HAVING DONE his data dump at the café, Virgil was headed out to his truck, followed by one of the customers, a thin man with thin hair, wearing a sheepskin-lined jean jacket and leather gloves: a cowboy-looking guy, except for his big round plastic-rimmed glasses, and not ungrizzled.
He said, “Uh, Virgil. I need to chat for a minute. About the Tripp boy.”
“Sure,” Virgil said. “Back in the café, here, somewhere? Or we could take a ride in my truck.”
“Not here. How about the truck?”
The man’s name was Dick Street, he said, and he had a farm out toward Battenberg, though he lived in Homestead. “I use the elevator at Battenberg, and met the Tripp kid. You know he was a football player?”
“Yeah. Hurt himself this year, was going out to Marshall next year,” Virgil said, as he backed out of the parking place and started around the block.

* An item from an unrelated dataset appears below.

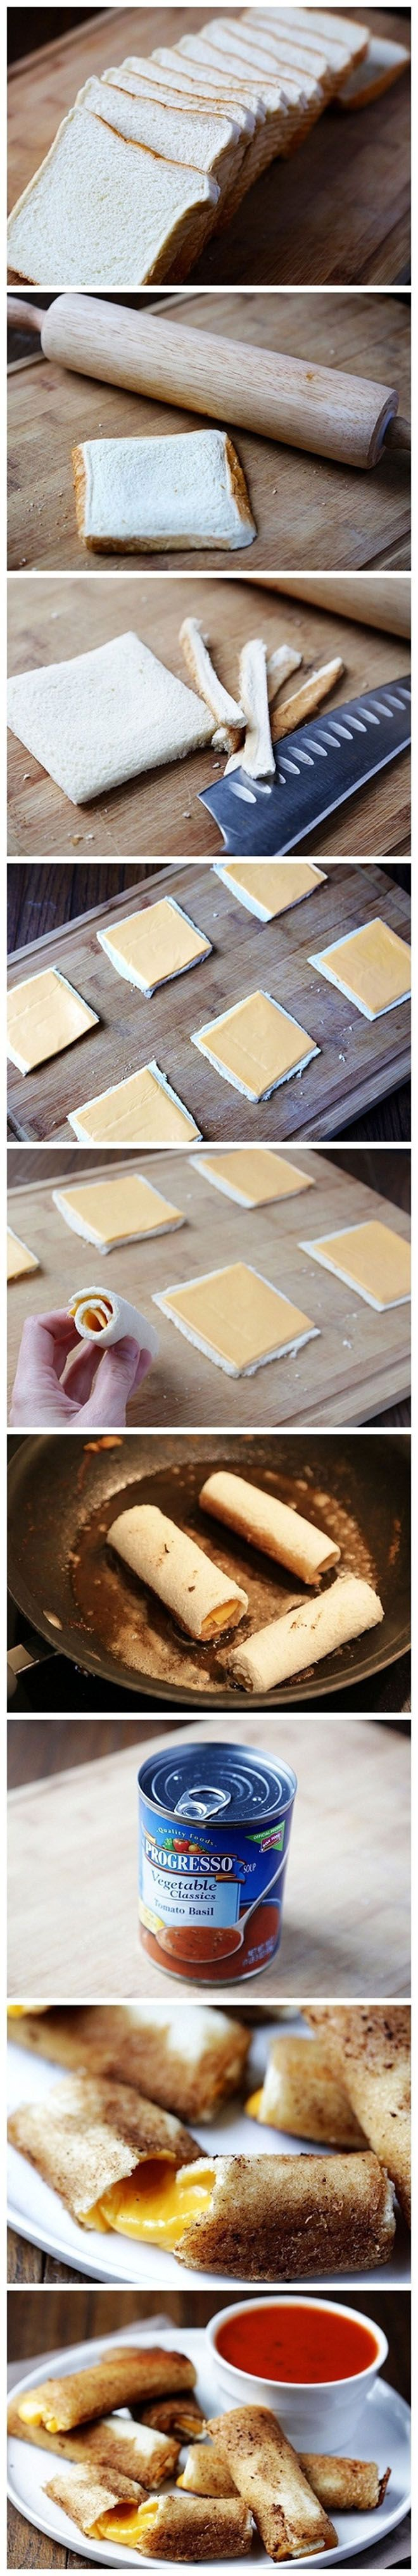 Easy cheese sticks | Savory & snacks recipes (SSR) | Pinterest

“Yup. Anyway, I mentioned to my daughter that he seemed to be a pretty nice kid. Hard worker, good-looking. She was the same grade as him. She said, ‘Yes, but I think he’s gay.’”
“Your daughter said that?”
“Yeah. I almost fell off my chair,” Street said. “I said, ‘Why do you think that?’ and she said, ‘I don’t know, I just think so.’ Turns out, some of her girlfriends thought the same thing, that he might be a homosexual.”
“Did everybody think that? His schoolmates?” Virgil asked.
“I don’t know. But it wasn’t exactly nobody. Some people suspected. So anyway, if he was a homosexual, I guess that’s neither here nor there, when it comes to killing somebody. But. This sort of came to be a hot topic around the dinner table, because my daughter also thought that he might’ve been . . . doing something . . . with somebody.”
“Does she have any idea who?” Virgil asked.
“I was gonna say, you oughta talk to her,” Street said. “She works at the Christmas Barn. Anyway, I can tell you that a lot of the farmers around here don’t care too much for homosexuals. I was thinking, maybe Flood found out and said something, like he was going to tell everybody. And Bob Tripp hit him to stop that from happening. I mean, if he’s gay, maybe he’d lose his football scholarship or something?”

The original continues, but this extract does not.